Раздеваясь у себя в комнате, Альбер заметил, что весь дрожит. Он боялся взглянуть в зеркало, не желая увидеть грузного шестидесятилетнего мужчину. Это прежний, молодой Альбер надел шелковую пижаму и халат, купленный в Венеции тридцать лет назад, и отправился к Жермене, хотя ноги у него подкашивались, а сердце готово было выпрыгнуть из груди. Подойдя к ее комнате, он постучал в дверь.

— Кто там? — отозвался сонный голос.

Не отвечая, он вошел и приблизился к постели. Жермена зажгла ночник. Он увидел распущенные волосы, прозрачную рубашку с глубоким вырезом… Такой бывала Фернанда в те единственные упоительные мгновения его жизни, когда им овладевало желание (и само-то слово они давным-давно забыли)… Он обнял эту живую, желанную плоть:

— Моя кошечка!

И получил сразу две пощечины.

— Вы с ума сошли! Убирайтесь!.. Ах, мамочка! Бедная мамочка…

Она закрыла лицо руками и расплакалась. Ее красивые плечи, тугая нежная грудь сотрясались от рыданий. Он стоял как зачарованный, взирая на эти недоступные сокровища…

— Простите… — пробормотал он. — Я думал… Мне показалось…

Альбер отступал пятясь: он в один миг снова превратился в грузного старика, однако надеялся так сохранить более достойный вид. Натыкаясь на мебель, он кое-как добрался до двери, открыл ее и выскочил в коридор.

Довольно трудно долго притворяться плачущей. Как только Альбер вышел, Жермена опустила руки: лицо ее было спокойно, глаза сухи.

Она застегнула ночную рубашку, улыбнулась. У нее мелькнула мысль, не запереть ли дверь на ключ… да нет, совершенно излишне. Между тем бедный шестидесятилетний Альбер сидел в своей комнате на краешке кровати и боялся даже подумать, как он навредил себе этим ночным визитом. В мозгу мелькали обрывки бесполезных оправданий: «В конце концов, она мне не родня. Я имел полное право… Ничего страшного…» О последствиях он тоже старался не думать. Но завтра — что же будет завтра? Как себя вести, а главное — как поведет себя она? Он знал, что уже не уснет и что эти беспорядочные мысли, горькие сожаления — вся эта ерунда будет вертеться у него в голове до самого утра. Машинально он снял халат и шелковую пижаму, свернул и положил на верхнюю полку шкафа к вещам, которых не надевал и никогда больше не наденет, а потом снова влез в свою пижаму с пузырями на коленях — в свое еженощное, привычное старье, в свою медвежью шкуру. «Моя кошечка!» — произнес он снова, сам не зная, хочется ему смеяться или плакать, и, чтобы не видеть себя больше, погасил свет.
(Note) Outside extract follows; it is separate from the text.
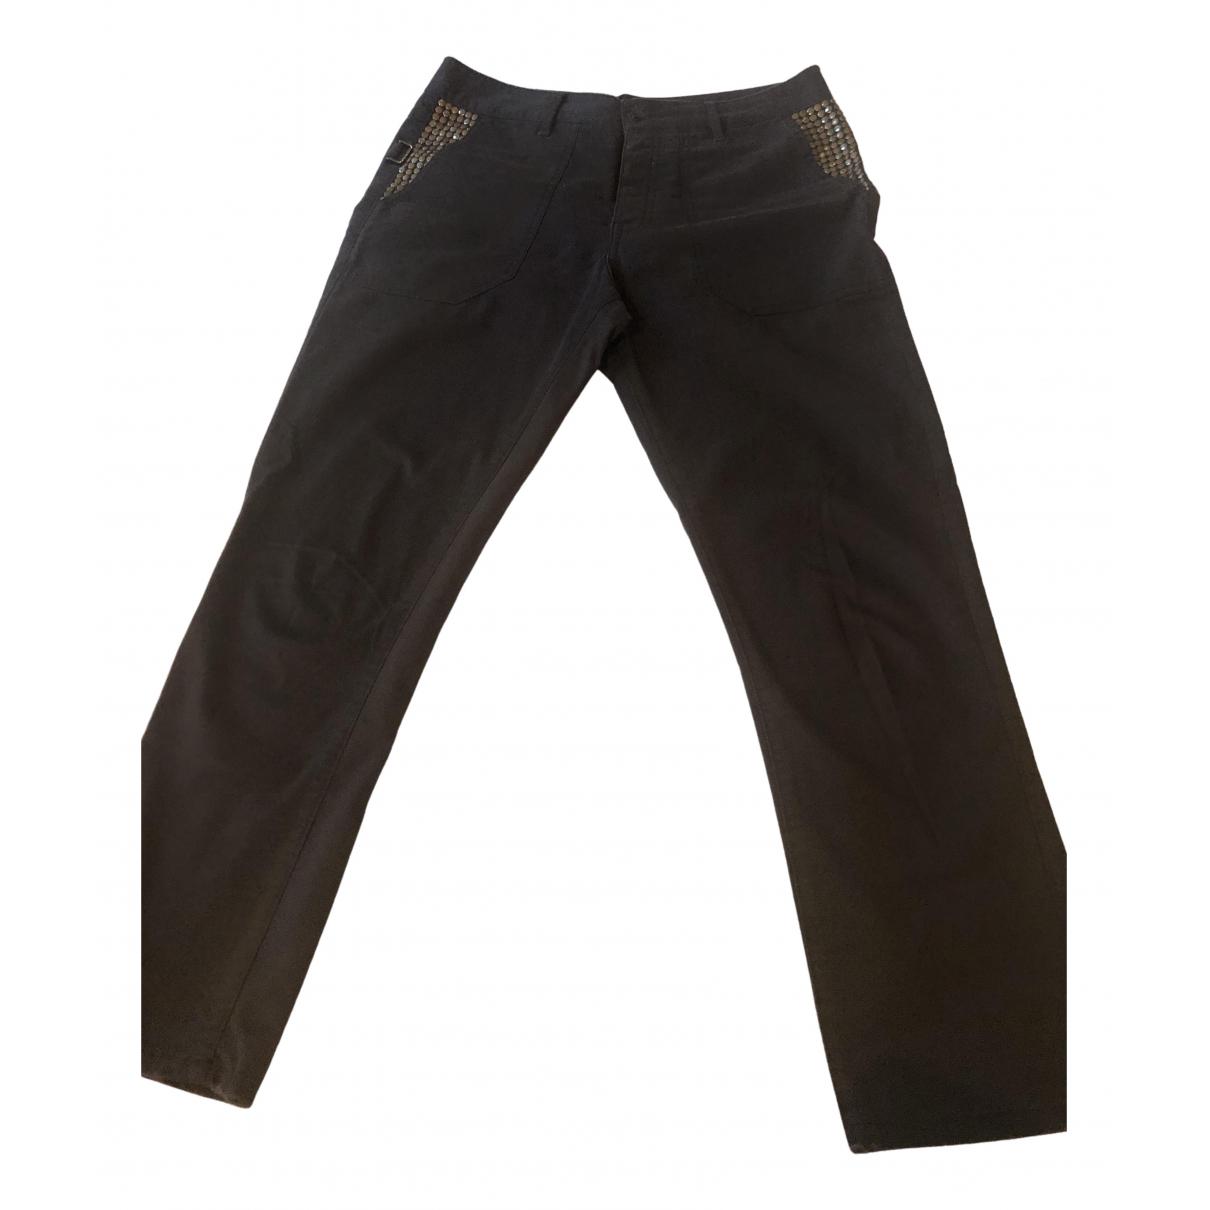 Pantalon en Algodon Antracita Zadig & Voltaire

Утром, спустившись вниз (хочешь не хочешь, пришлось!), он почти удивился при виде Жермены, ибо бессознательно готовился к встрече с Фернандой. А Жермена так же мила, как и вчера! Конечно, о «кошечке» не может быть и речи, да и ему не зваться больше «муженьком», но, к величайшему своему удивлению, он по-прежнему «милый, милый Альбер». У него на глаза навернулись слезы. Какое великодушие! Он приготовил в свою защиту множество путаных извинений, но Жермена говорила только о погоде, о необходимых покупках, о том, что нужно срезать цветы для букетов. Он слушал ее, замирая, как большой, верный пес, — чересчур подобострастно. Но потом все-таки не выдержал:

— Жермена, кстати о вчерашнем, я хотел…

Тут выражение лица у нее на мгновение стало таким же, какое бывало у матери, и Жермена отчеканила:

— Я совершенно не понимаю, Альбер, о чем вы говорите.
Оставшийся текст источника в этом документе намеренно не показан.